Ya en anteriores artículos me lancé contra las apologías del estrés y el sufrimiento gratuitos (y volveré a hacerlo en el siguiente). Pero ahora toca zurrarle a las consecuencias más gangrenantes de esa manía de (por pereza, vergüenza o cobardía) obligar a las heridas a sanar por decreto-ley, cuando a mí me dé la gana, sin enfrentarlas ni darles el tiempo y cuidados que requieran para curarse en profundidad. ¿La peor de todas las consecuencias de la dictadura de la mercromina? Pues qué no por mirar para otro lado los peligros desaparecen (bien al contrario: como las infecciones, crecerá y se agravará si no se trata como precisa); que negarse a pagar el precio de nuestro dolor hoy conlleva hipotecarse con él mañana (y acabaremos pagándolo igualmente, sólo que con los intereses de demora correspondientes) y que huir de tu propia sombra no conllevará separarte de ella, sino que te seguirá encontrando… sólo que hastiado de tanta carrerita inútil.

La dictadura de la mercromina también la llamo el síndrome del Tío Diego. El hermano de mi padre, de pequeño, odiaba las fotos. ¿Y sabéis lo que hacía para no salir en ellas? Pues cerrar los ojos. Obviamente, lo único que conseguía era salir igualmente en la foto… y con los ojos cerrados. Y que aprovecharan su ceguera para hacerle varias fotos más.

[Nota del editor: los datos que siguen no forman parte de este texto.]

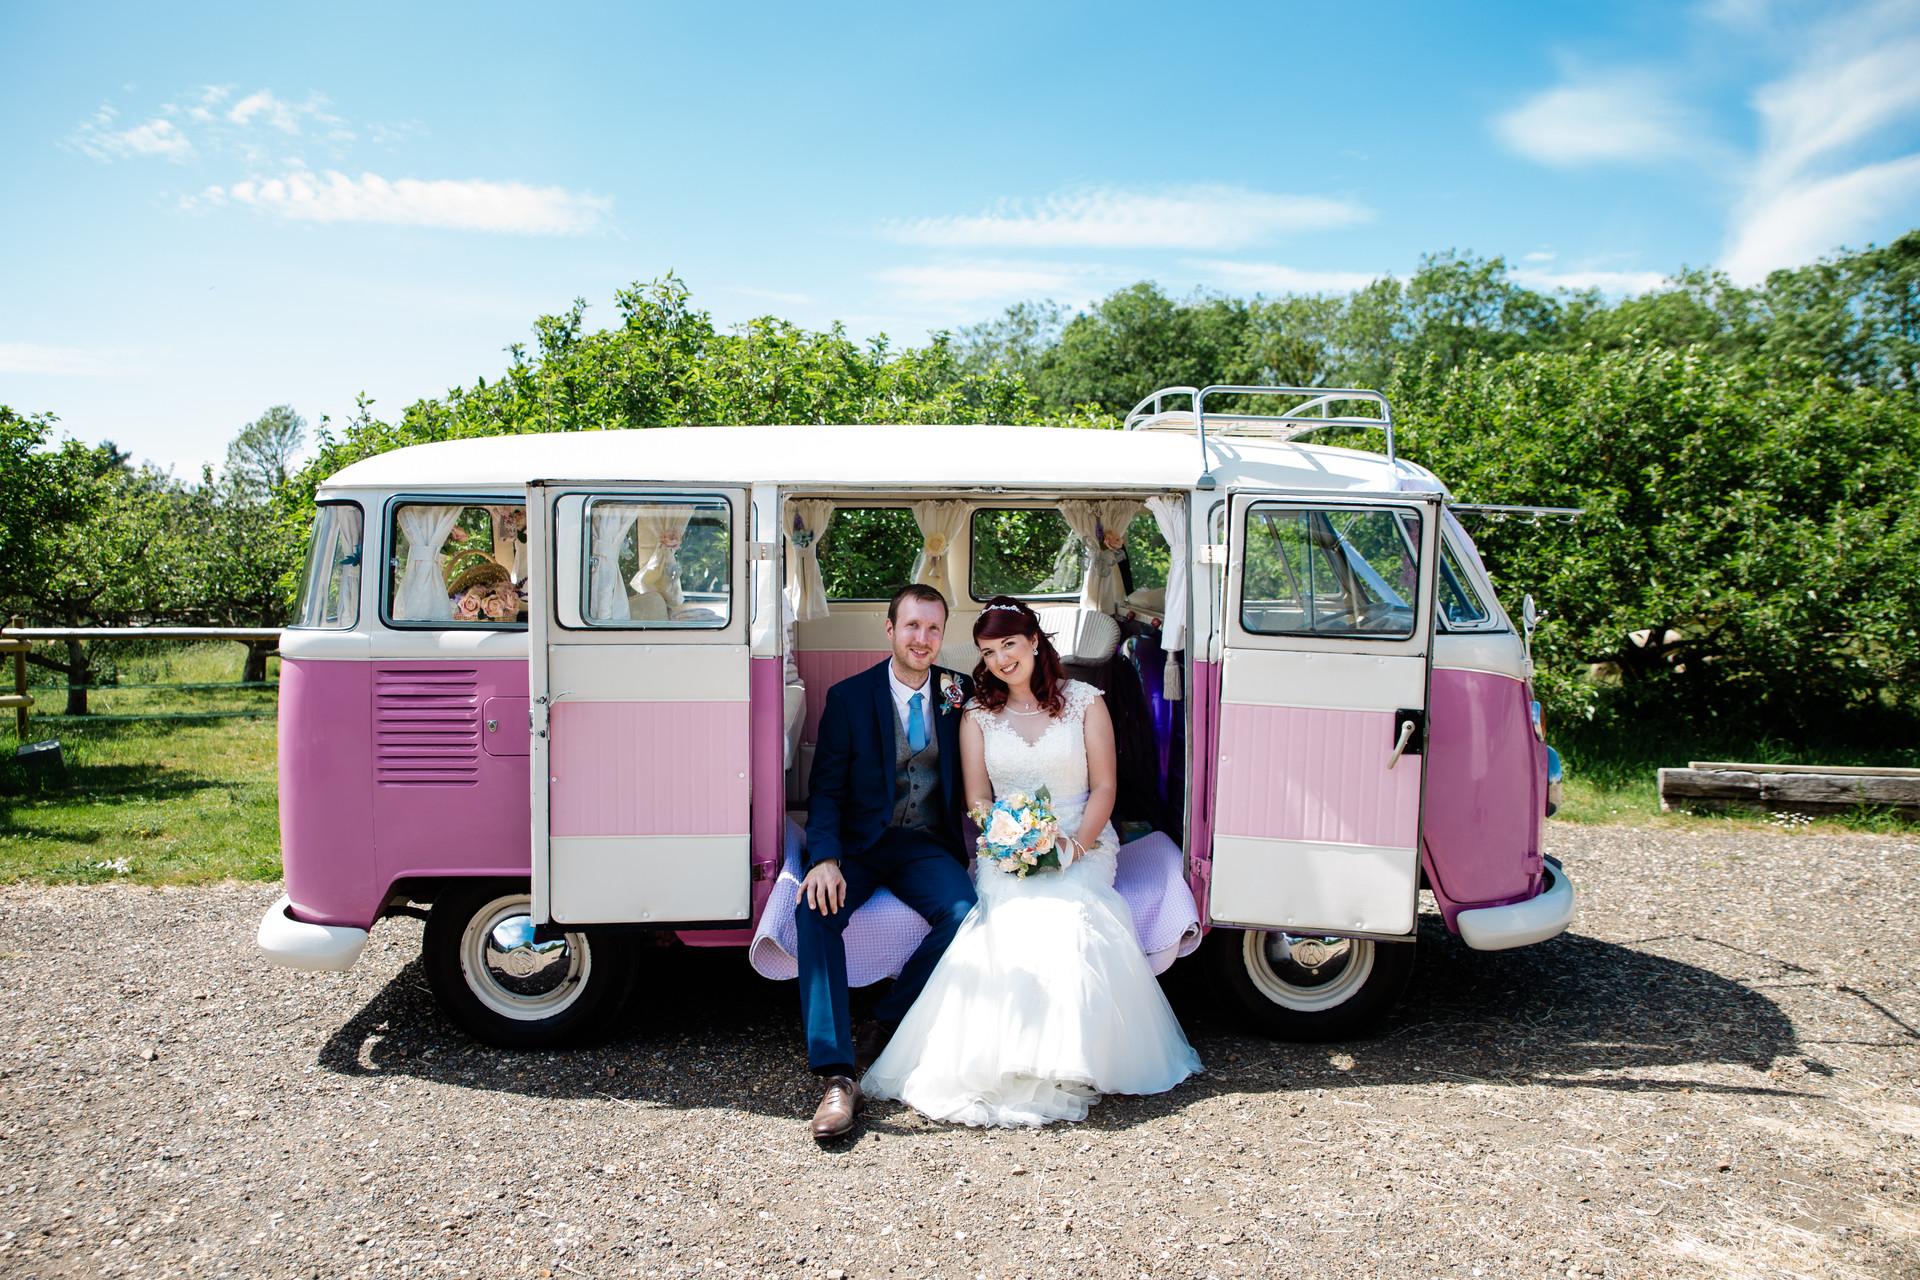 Apple Farm Wedding Isle of Wight
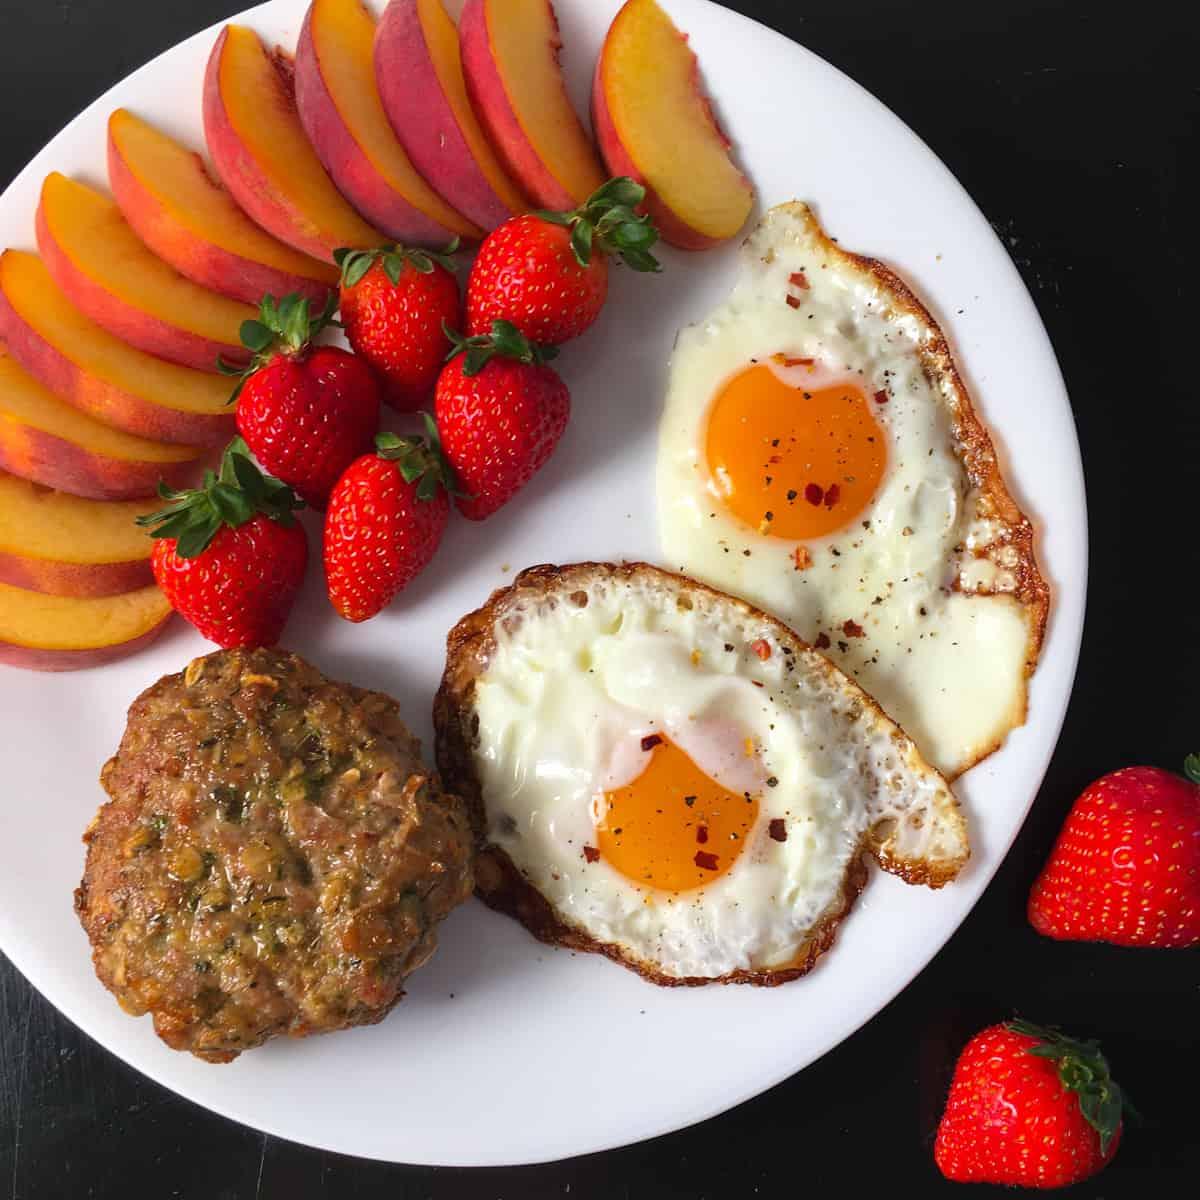 sausage eggs peaches strawberries

El mito del avestruz que frente al puro pánico entierra la cabeza en un agujero no consigue que el depredador desaparezca, sino que facilita que le muerda el culo (por eso es falso: no son los avestruces las que lo hacen en la naturaleza, sino nosotros en nuestras vidas). Negarnos a afrontar nuestras dificultades, a desinfectar nuestras heridas hasta que sanen realmente o a darles el tiempo que necesiten para cicatrizar no equivale a sanar más rápido, sino que nos condena a infectarlas más (eso sí: con un decoro externo envidiable). En la vida, como en el sexo, rapidez no es ni mucho menos sinónimo de calidad. Todo lo contrario. Y ojos que no ven no propician corazones que no sienten, sino cegatos con chichones. Y con el corazón bien dolorido… sólo que más tarde.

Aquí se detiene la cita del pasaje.